■ Exercise brief ■
Return the lines of the material below exactly, beginning with the line that has "RAL 160 70 40" in it and finishing with the line that has "Link's reward for" in it. Leave all pictures aside.

■ Provided material ■
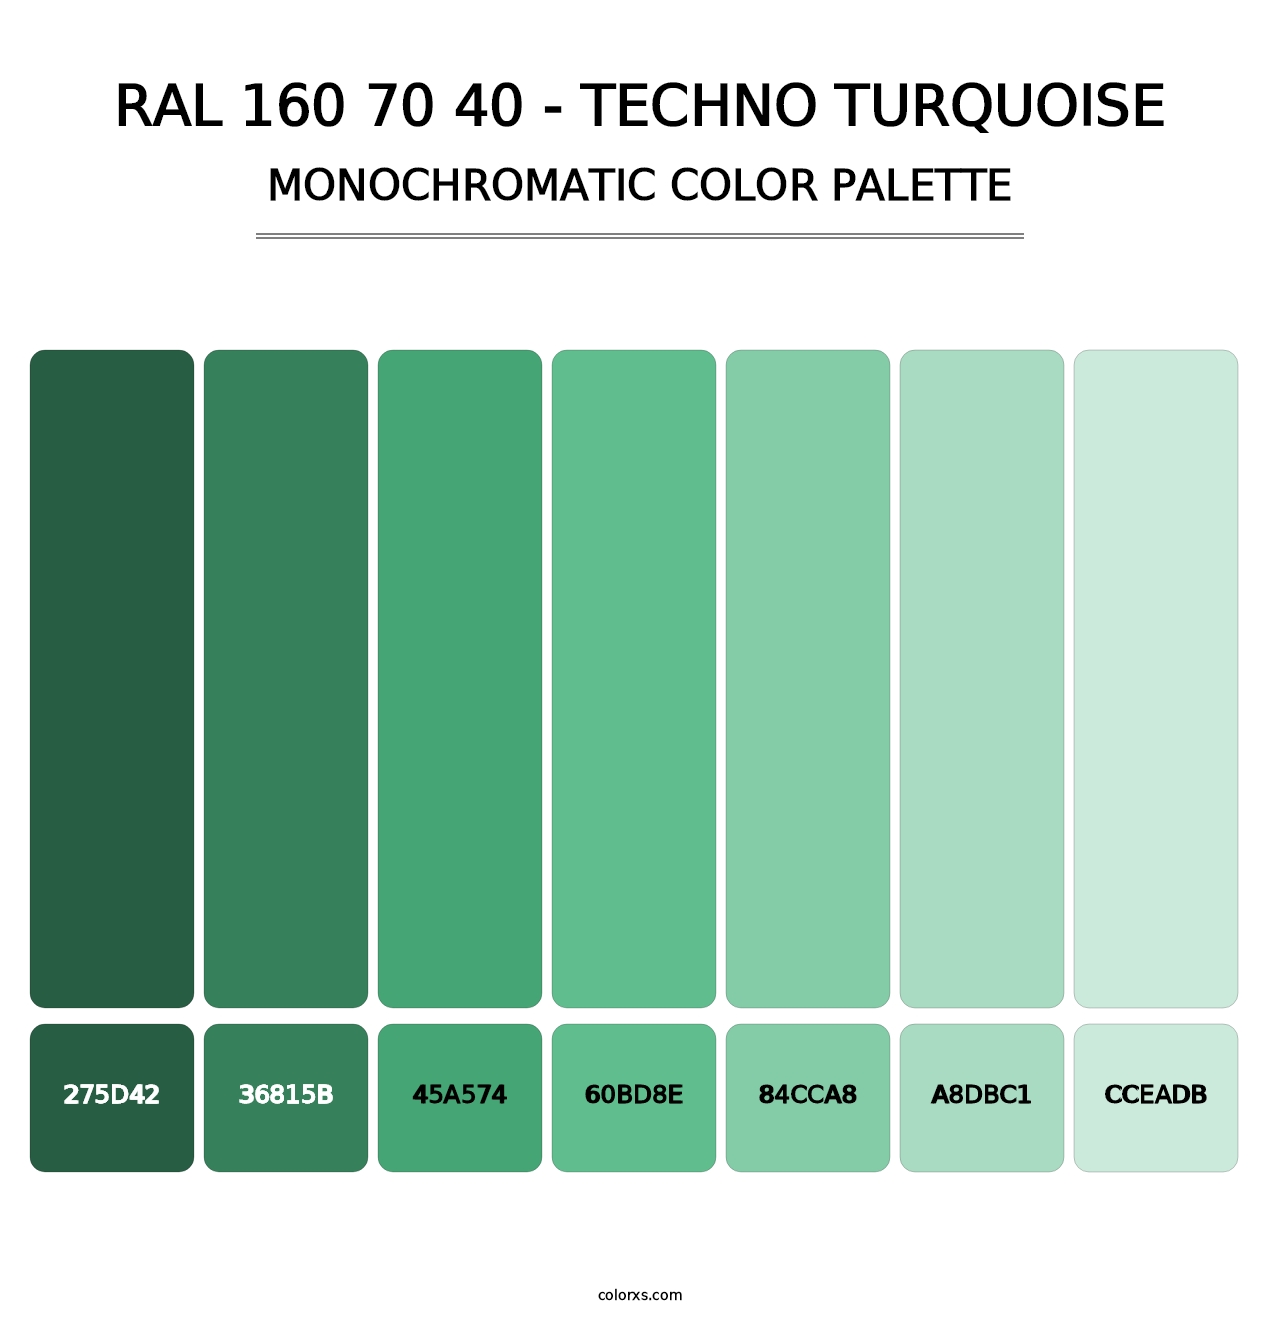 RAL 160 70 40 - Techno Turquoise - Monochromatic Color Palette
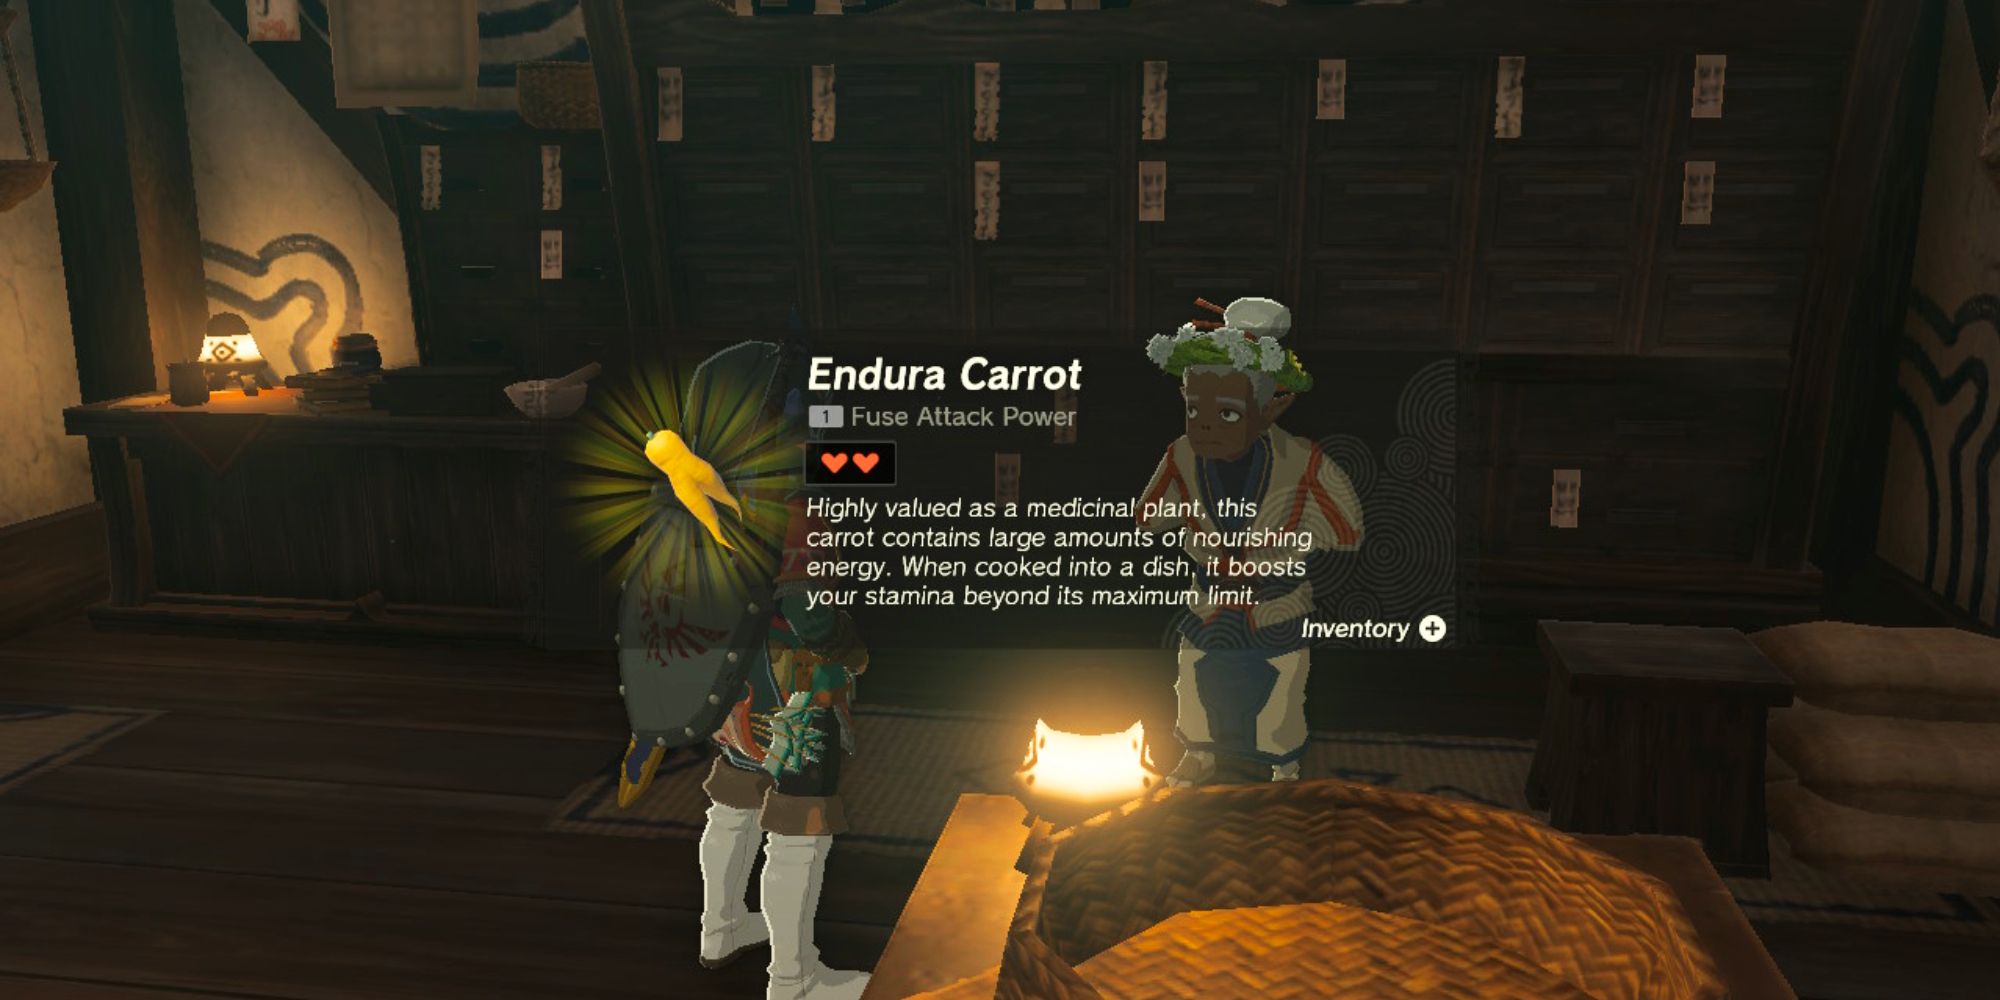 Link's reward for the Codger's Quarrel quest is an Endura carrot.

* * *

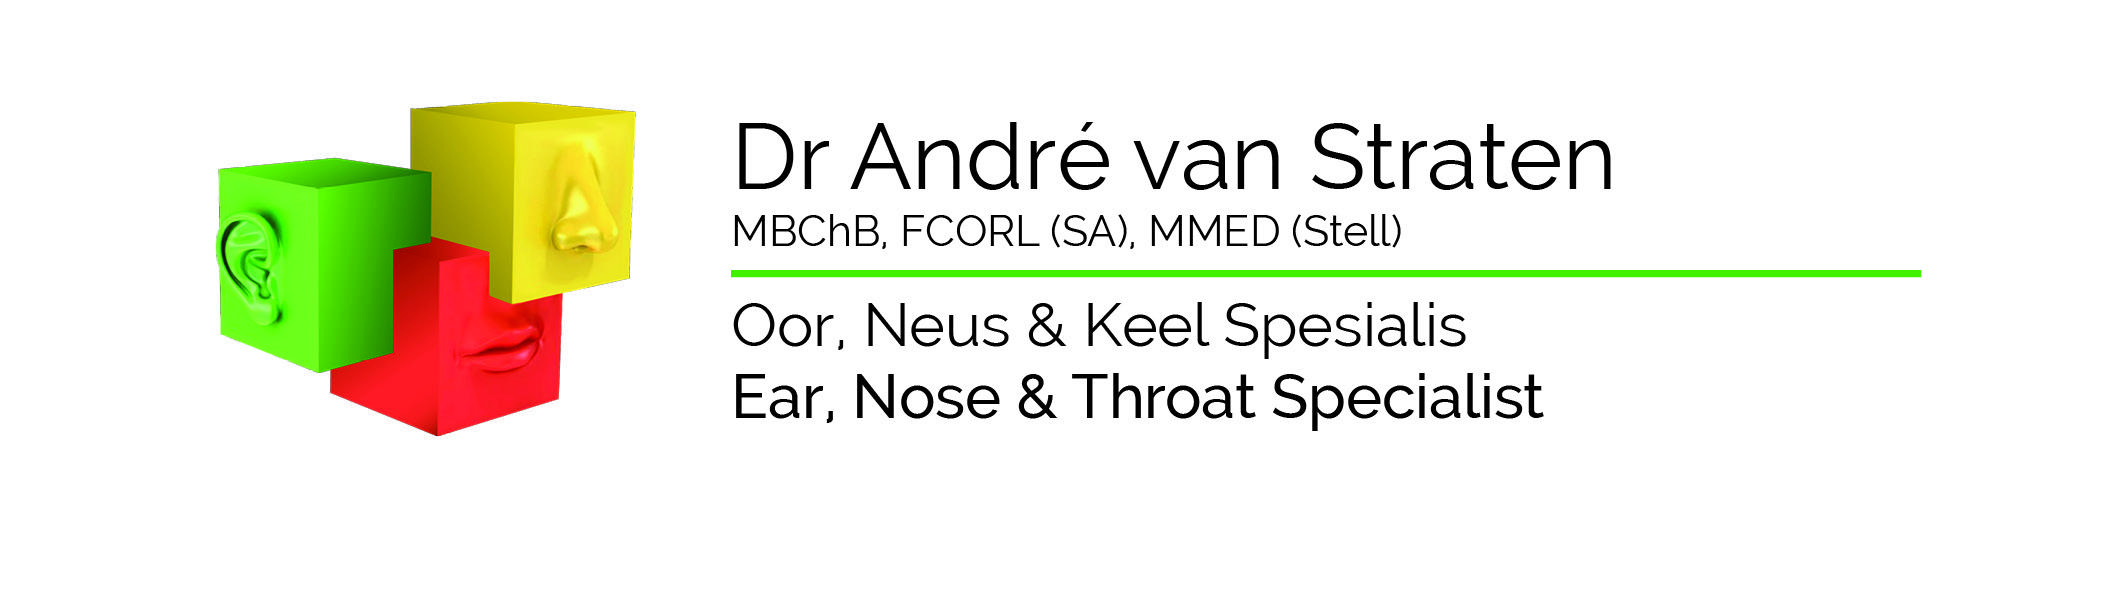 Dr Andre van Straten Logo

---

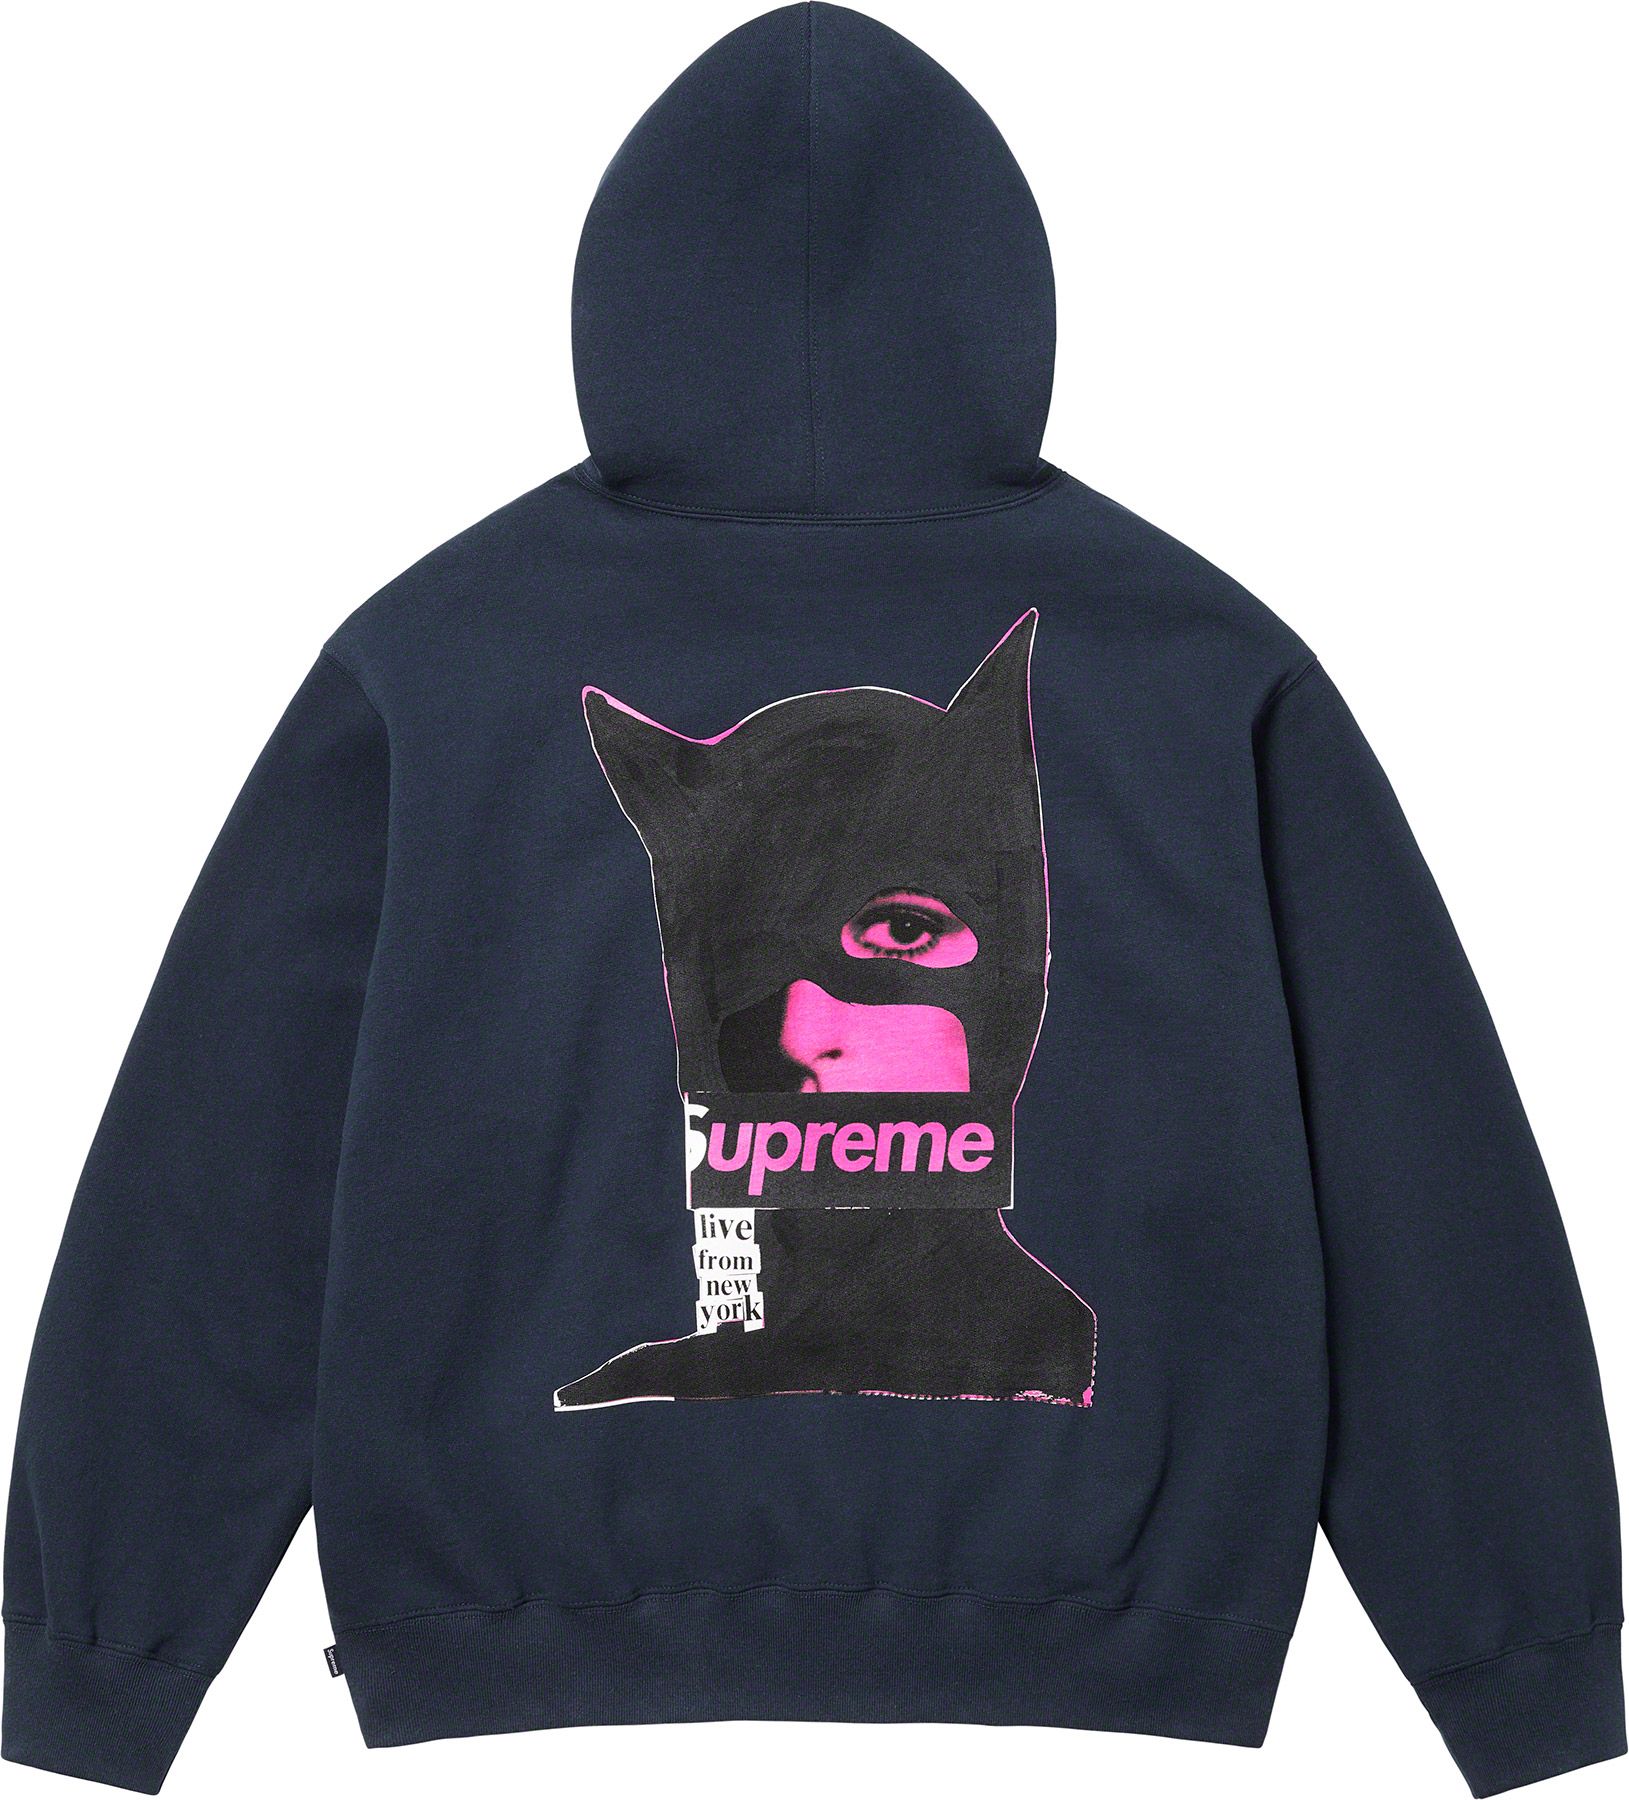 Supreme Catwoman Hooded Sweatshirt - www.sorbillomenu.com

■ Exercise solution ■
 RAL 160 70 40 - Techno Turquoise - Monochromatic Color Palette
 Link's reward for the Codger's Quarrel quest is an Endura carrot.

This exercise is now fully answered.